With the information you've provided so far, the problem could be a plethora of things, so here goes;
How long do the internet drops last, do they seem to occur while you're doing something specific or just randomly, what router do you have, have you tested your connection with other net-cables (RJ45 cables) or other computers? Also, did the guy from Bright House say which cable was broken?

----------


## Volcon

> With the information you've provided so far, the problem could be a plethora of things, so here goes;
> How long do the internet drops last, do they seem to occur while you're doing something specific or just randomly, what router do you have, have you tested your connection with other net-cables (RJ45 cables) or other computers? Also, did the guy from Bright House say which cable was broken?



It lasts a good 1-3 minutes, wireless comes back faster then wired. I have a Linksys router, WRT150N to be exact. I have tested some other cables, and i have tried to plug myself directly into the modem before, it dropped less but i still dropped once or twice. They don't seem to occur during specific things, i only notice them when i'm dropped from a game or the link i clicked dosen't load. I don't recall exactly which one, he said it was inside the houes, a internal problem - i think he said one of the cords was being bent or something and it was causing some feedback on the line.

----------


## Marvo

Have you tested with other computers? It doesn't sound like a problem on your part, but we might aswell make sure. I suggest you contact your ISP again and complain, and explain what you've already tried.

----------


## Volcon

> Have you tested with other computers? It doesn't sound like a problem on your part, but we might aswell make sure. I suggest you contact your ISP again and complain, and explain what you've already tried.
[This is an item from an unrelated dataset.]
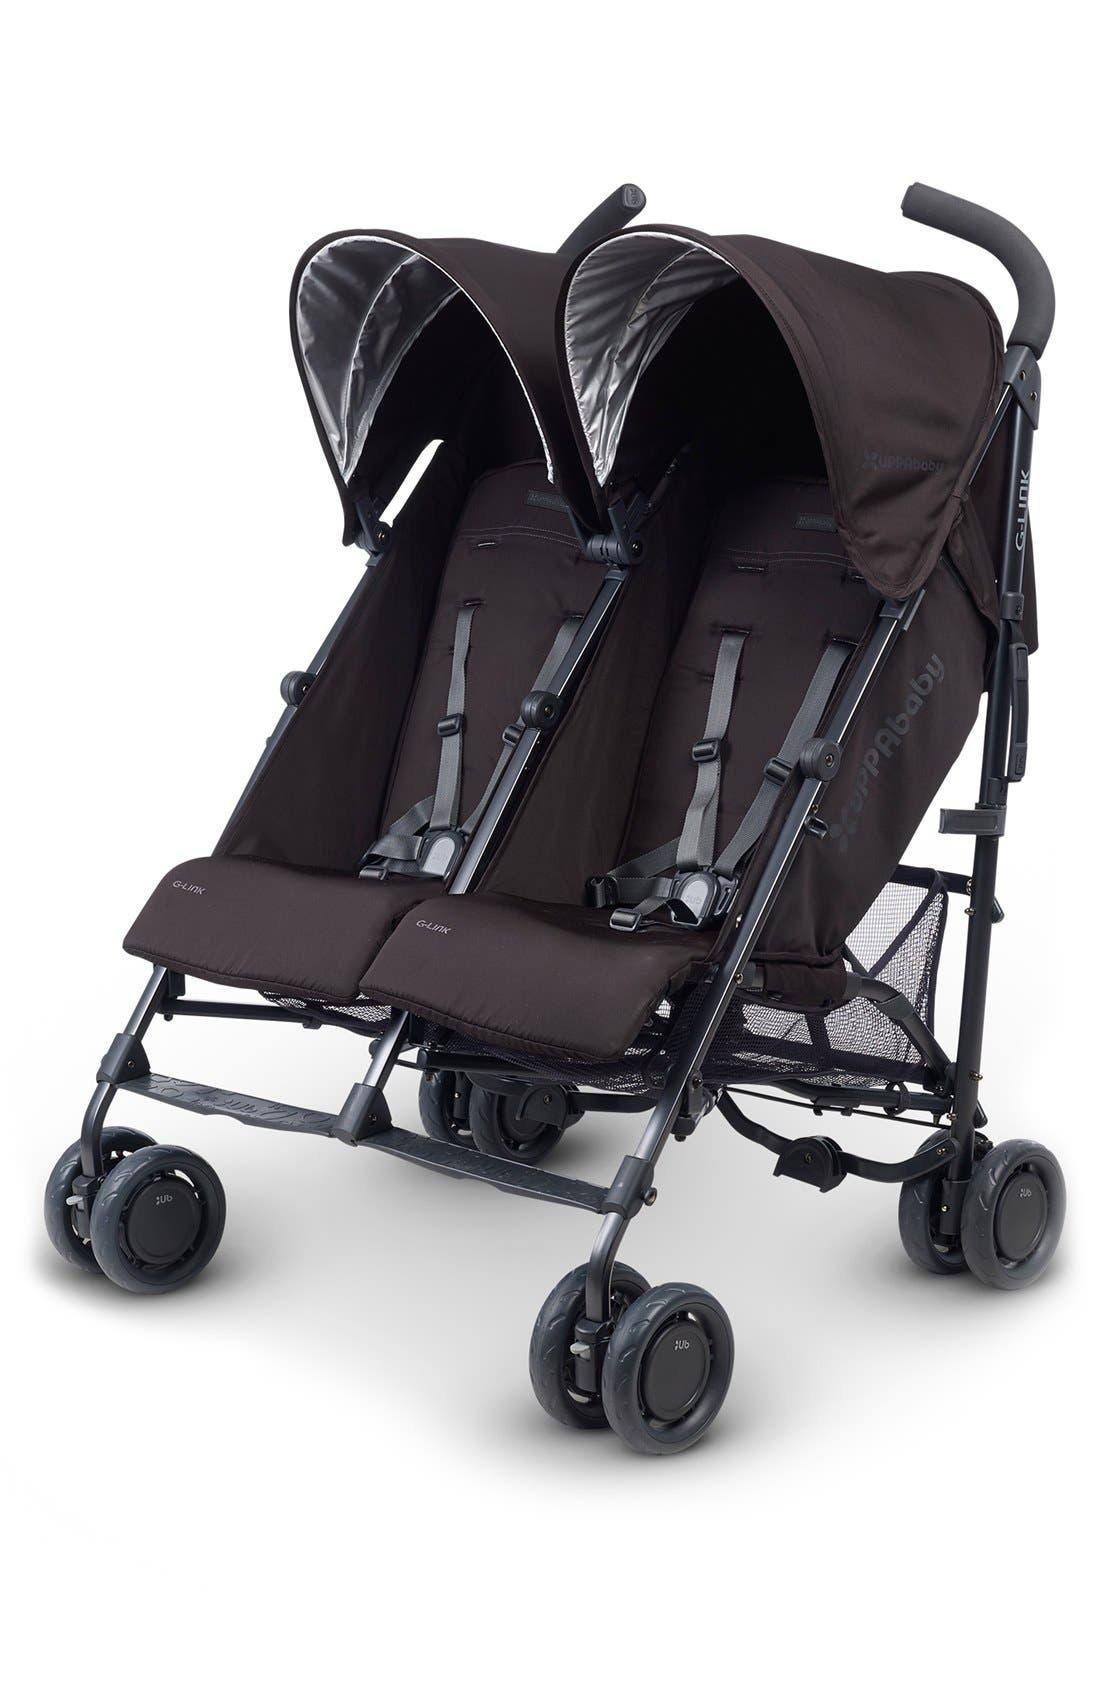 UPPAbaby G-LINK Jake Aluminum Frame Reclining Side by Side Umbrella Stroller  sc 1 st  Nordstrom & Baby Strollers: Jogging Reclining \u0026 Frames | Nordstrom islam-shia.org

My dad's laptop drops as the same time i do, i called them they are coming out thursday, i'm curious what the problem will be this time, and by the gods this time i'm going to force him to stay a hour to make sure the internet does not drop, hopefully Verizon ViSO comes to my location soon.

----------


## Amethyst Star

> this time i'm going to force him to stay a hour to make sure the internet does not drop



Just make sure you're not getting charged for the troubleshooting by the hour.

----------


## Marvo

> My dad's laptop drops as the same time i do, i called them they are coming out thursday, i'm curious what the problem will be this time, and by the gods this time i'm going to force him to stay a hour to make sure the internet does not drop, hopefully Verizon ViSO comes to my location soon.



Keep us posted then.

----------


## Volcon

Good, they finnaly fixed it, he said there was a bad cord out back and he was ashamed that his company diden't catch it the first time, he dident charge me anything since he said "i was techincally just finishing the job the guy should have done last time". Sweetness.

----------


## Amethyst Star

Nice!  Glad to hear you've back up and running and that you didn't have to pull your checkbook/wallet out.

----------


## Marvo

Well that good  :smiley:

----------